2outube

Best clips & highlights from “Let's build the GPT Tokenizer”

by Andrej Karpathy

Here are the 6 most clip-worthy moments — auto-detected from the transcript. Tap a timestamp to jump straight to it on YouTube.

🎬 Turn these moments into shareable vertical clipsCaptions, 9:16, ready to post — early access

Tokenization: LLM's Hidden Nightmare

The speaker's strong dislike for a crucial LLM component creates an immediate, relatable hook.

Caption Ever wonder what's the most annoying part of building LLMs? It's not what you think. #LLM #AI #Tokenization

Tokens: The Atom of LLMs

It defines a core concept of LLMs in a simple, impactful metaphor.

Caption If LLMs are built from atoms, what are they? Discover the fundamental unit of large language models. #AIExplained #Tokens #LLM

LLM Weirdness? Blame Tokenization!

It offers a surprising explanation for common LLM quirks, intriguing anyone who's used them.

Caption Ever notice LLMs doing weird things? The answer might surprise you. It's all about tokenization! #AIProblems #LLMSecrets #TechExplained

Magikarp Broke GPT?

Uses highly specific, bizarre examples (Magikarp, YAML vs. JSON) to illustrate tokenization's hidden influence.

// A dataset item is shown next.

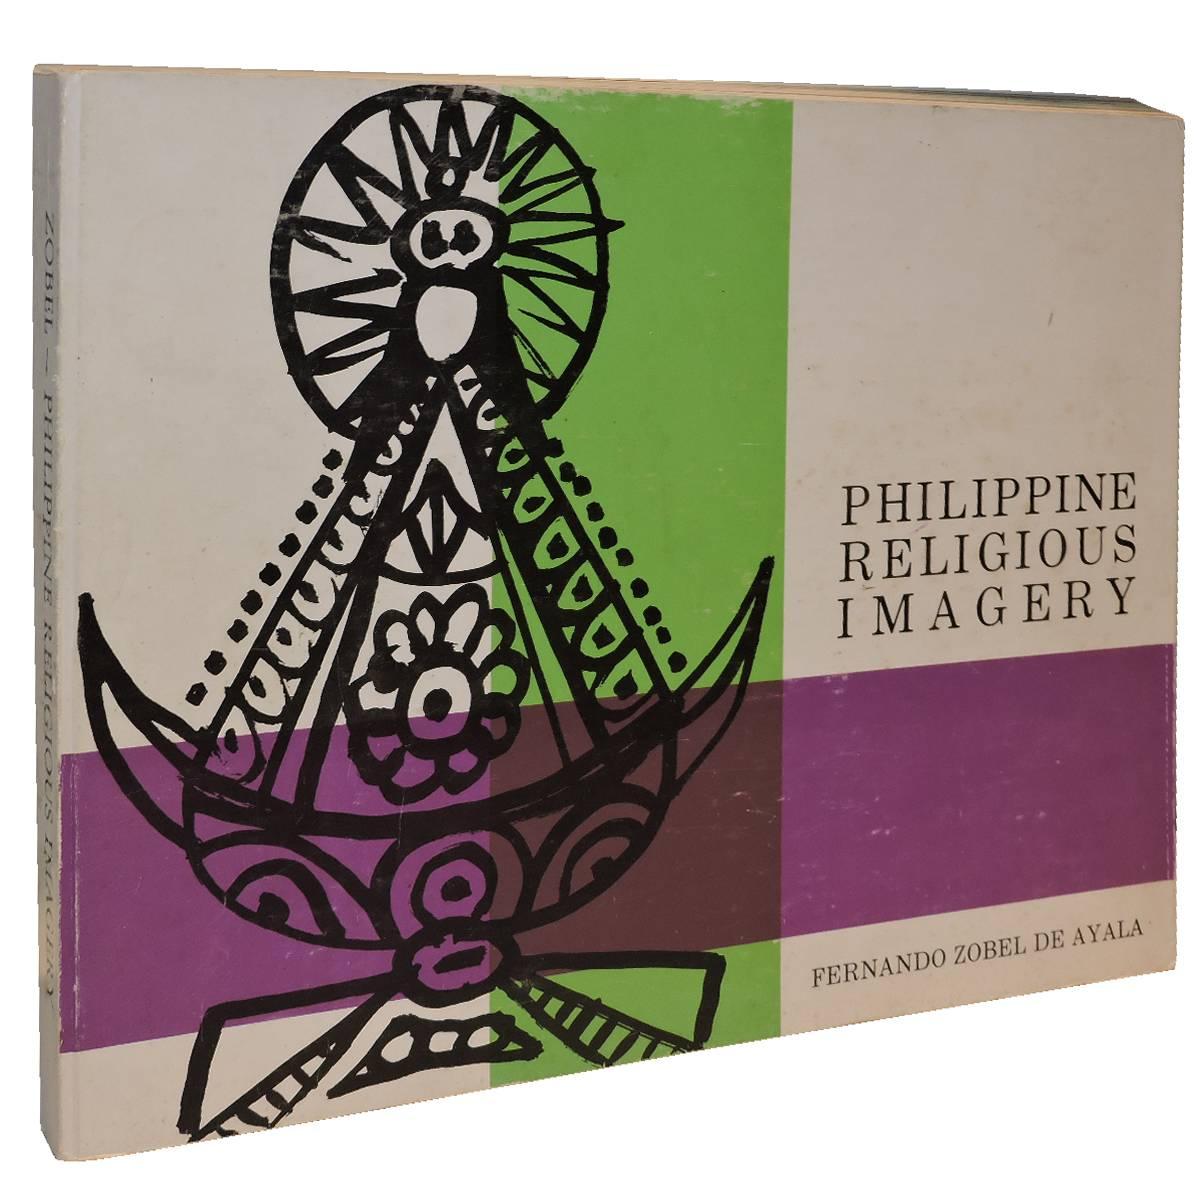 Philippine Religious Imagery, Fernando Zobel De Ayala - 1st Edition - 1963

Caption Why did "Solid Gold Magikarp" make GPT go crazy? And why YAML over JSON? The answer is wild. #GPT #AI #HiddenTruth

The "Egg" Tokenization Mystery

Demonstrates the arbitrary and case-sensitive nature of tokenization with a simple, relatable word.

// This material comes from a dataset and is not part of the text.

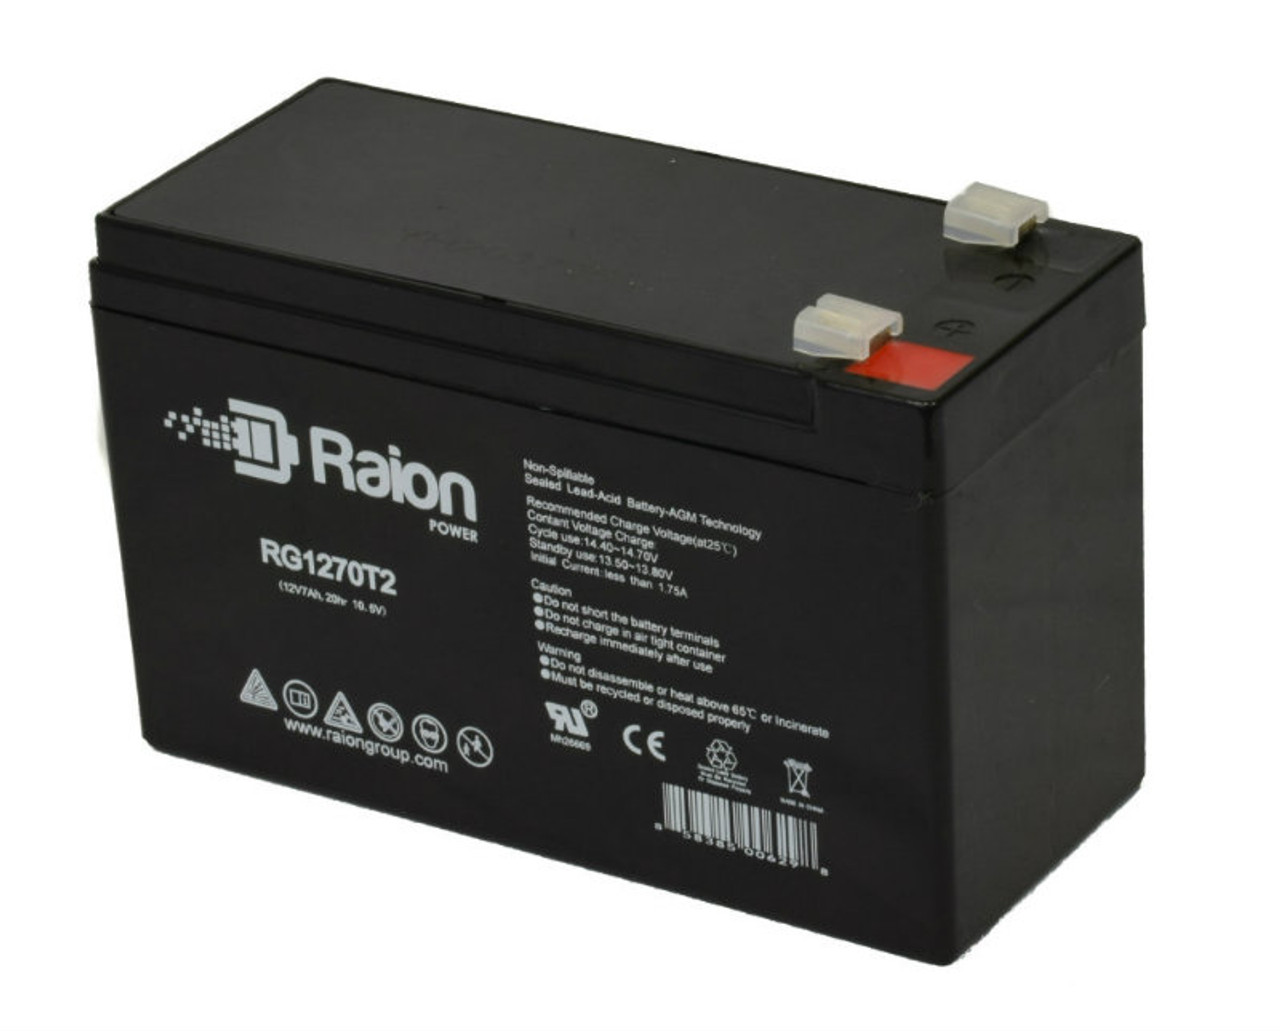 Raion Power RG1270T2 12V 7Ah AGM Battery for BHM Medical ERLI600 Patient Lift

Caption How many tokens is "egg"? It depends! See the bizarre and inconsistent world of LLM tokenization. #LLM #AI #TokenizationMystery

Python Indentation: LLM's Nightmare

Provides a specific, relatable example for programmers of how tokenization makes LLMs bad at Python.

Caption Why was GPT-2 so bad at Python? It's not the code, it's the spaces! #Python #GPT #AI #CodingProblems

Generated from the full transcript of this video · 2outube — change youtube to 2outube on any video.